#### [Instructions to follow]
Exactly the lines from the one containing "Аккумулятор FXlion BP-160SL" through the final line of the data below, with pictures omitted, make up the answer.

#### [Data below]
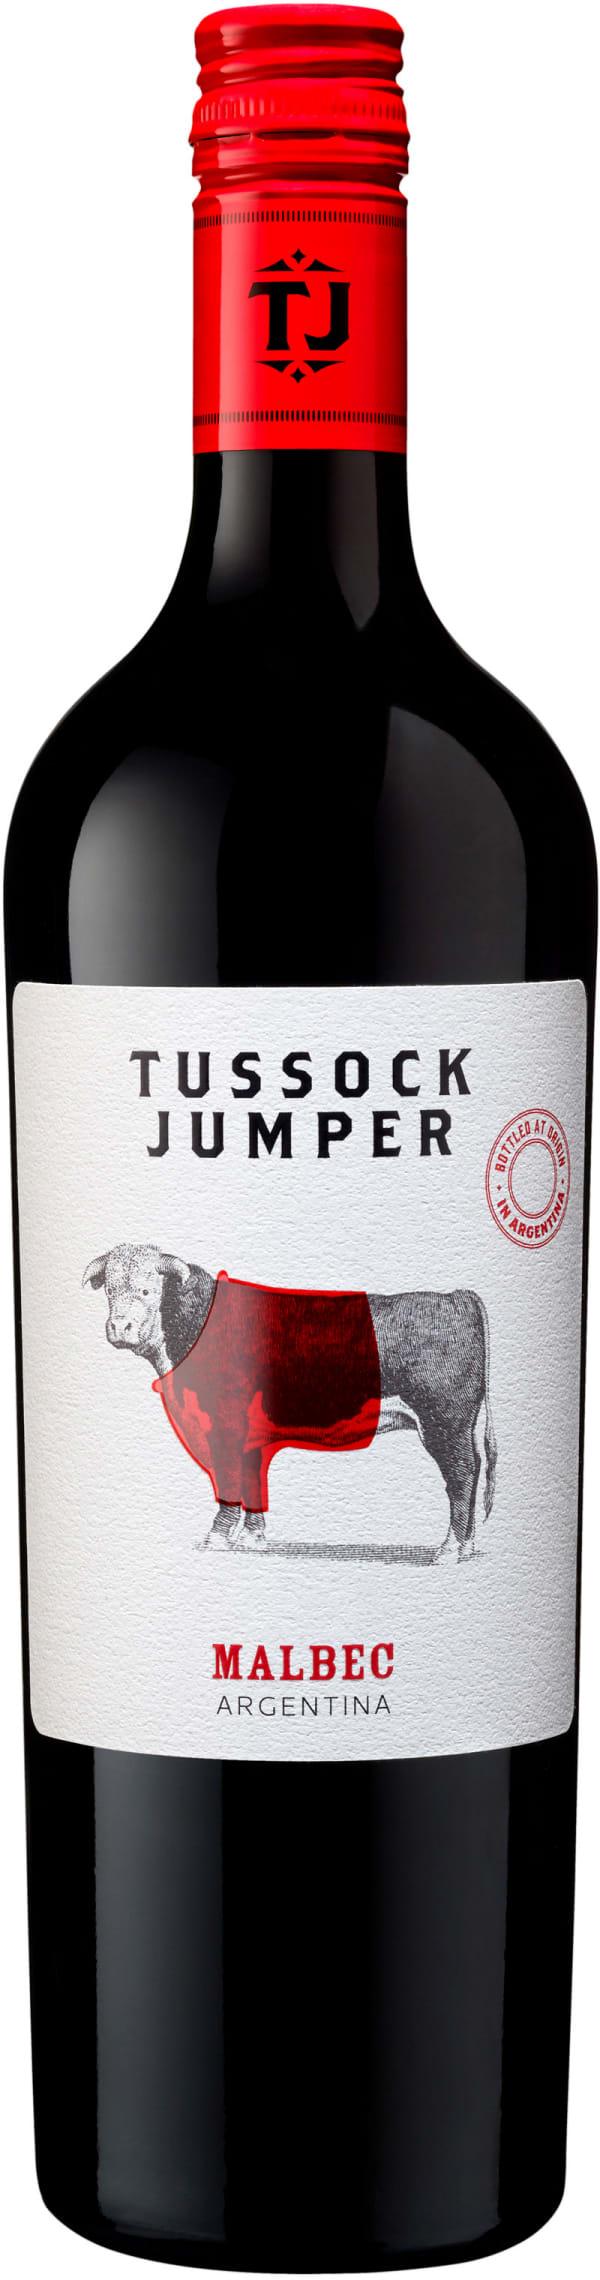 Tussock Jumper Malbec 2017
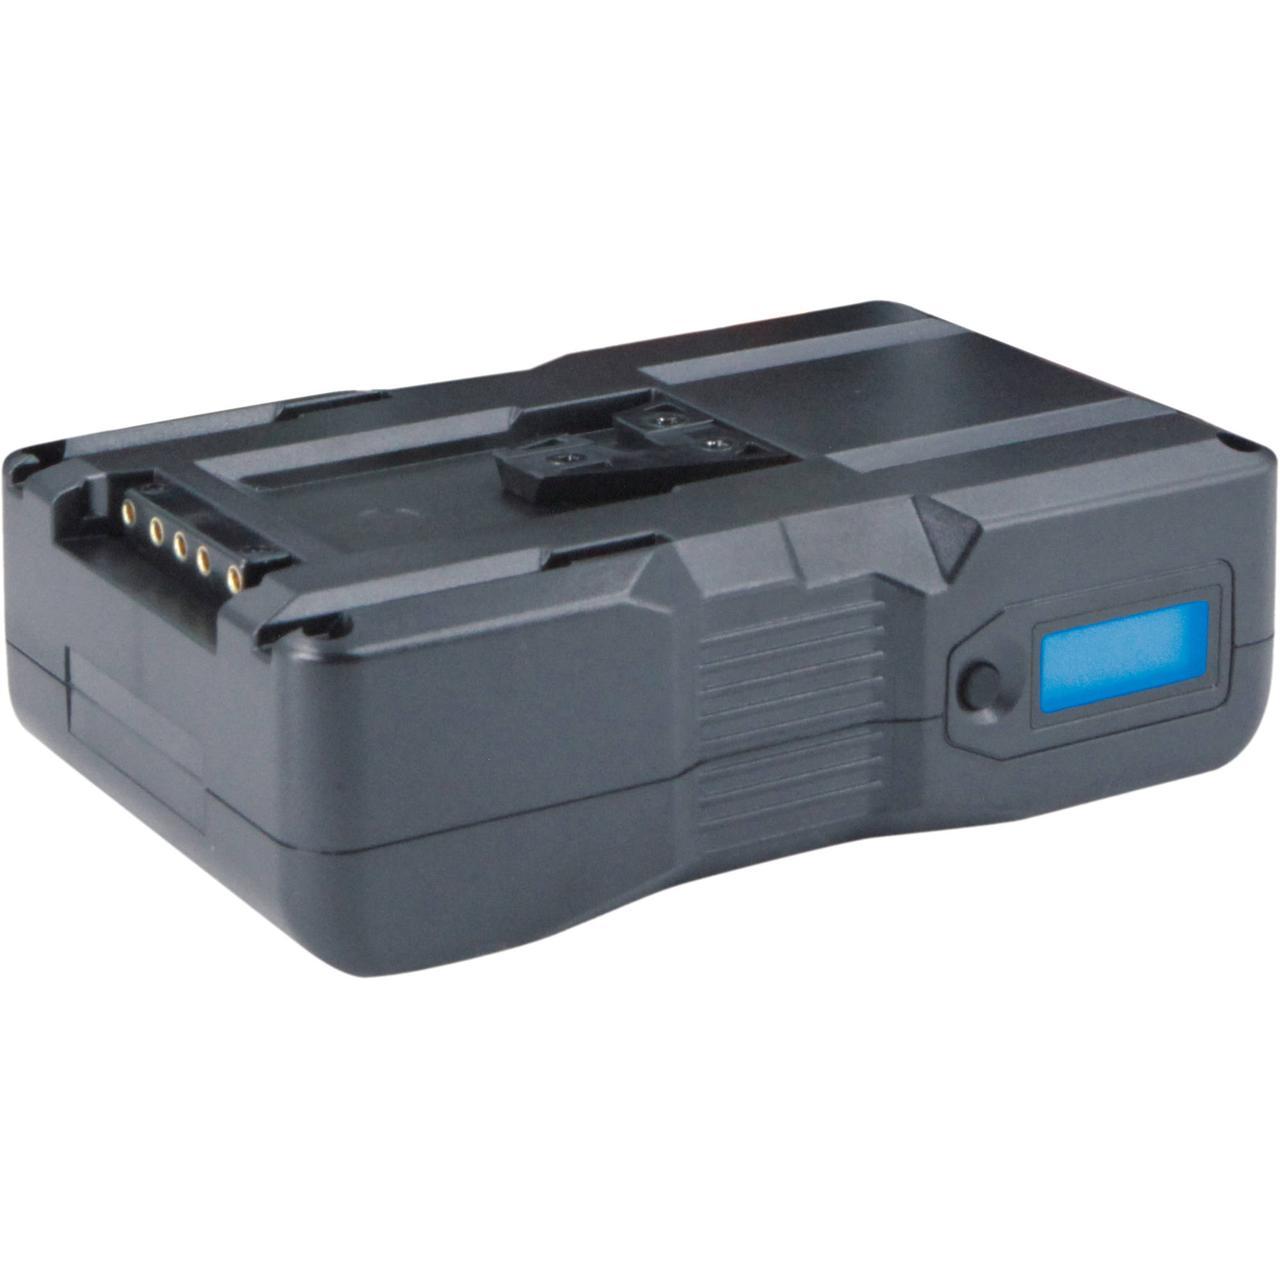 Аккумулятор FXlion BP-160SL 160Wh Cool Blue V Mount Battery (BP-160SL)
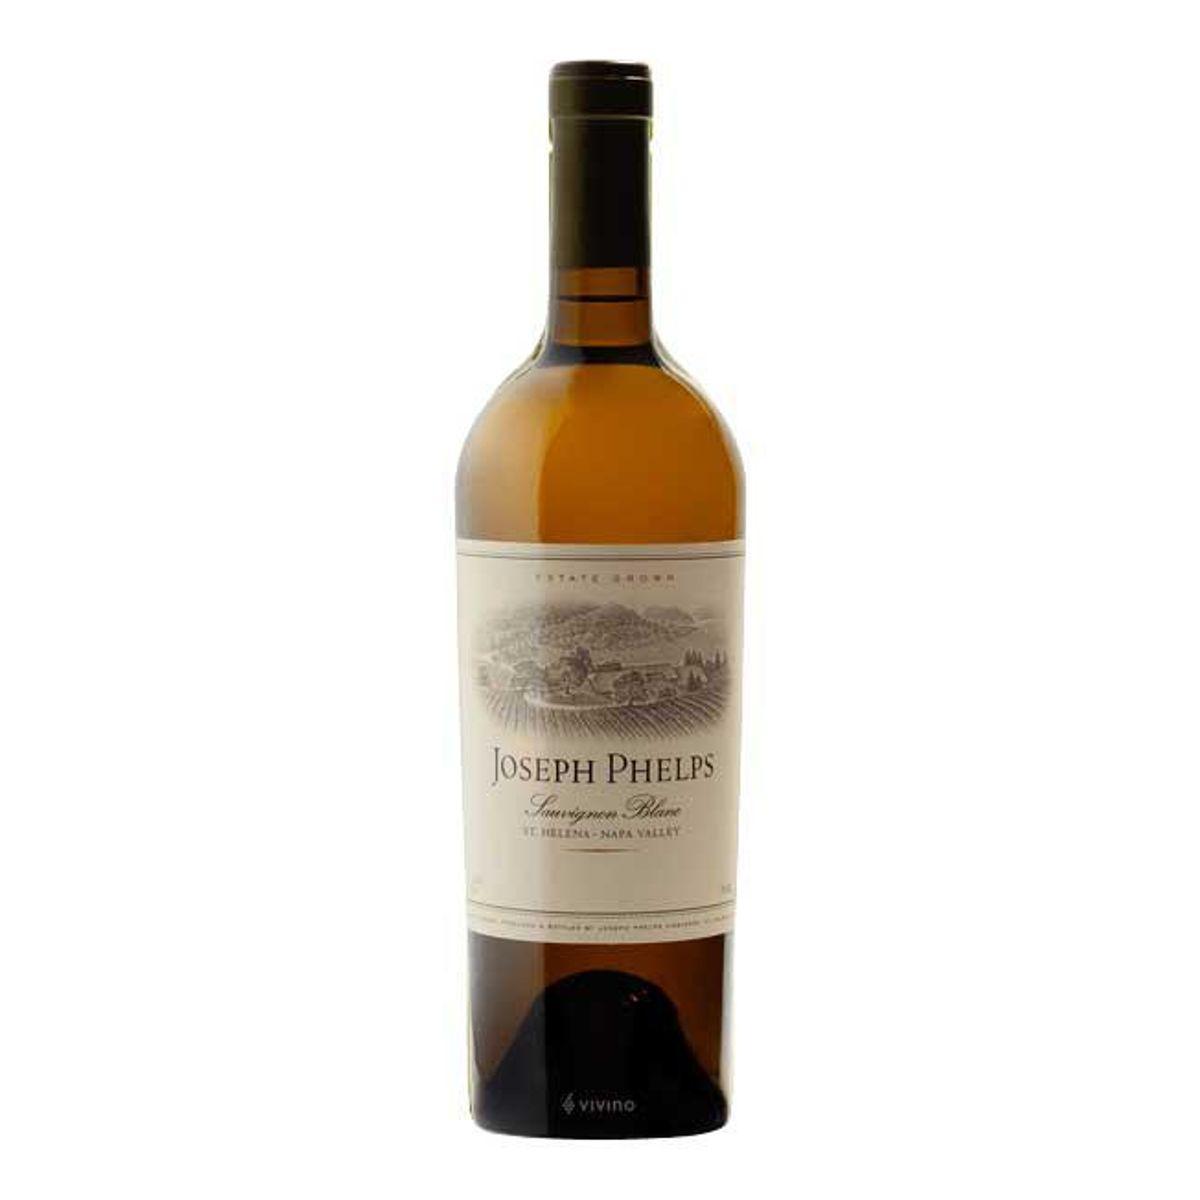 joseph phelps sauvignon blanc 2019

#### [Answer space]
 Аккумулятор FXlion BP-160SL 160Wh Cool Blue V Mount Battery (BP-160SL)
 joseph phelps sauvignon blanc 2019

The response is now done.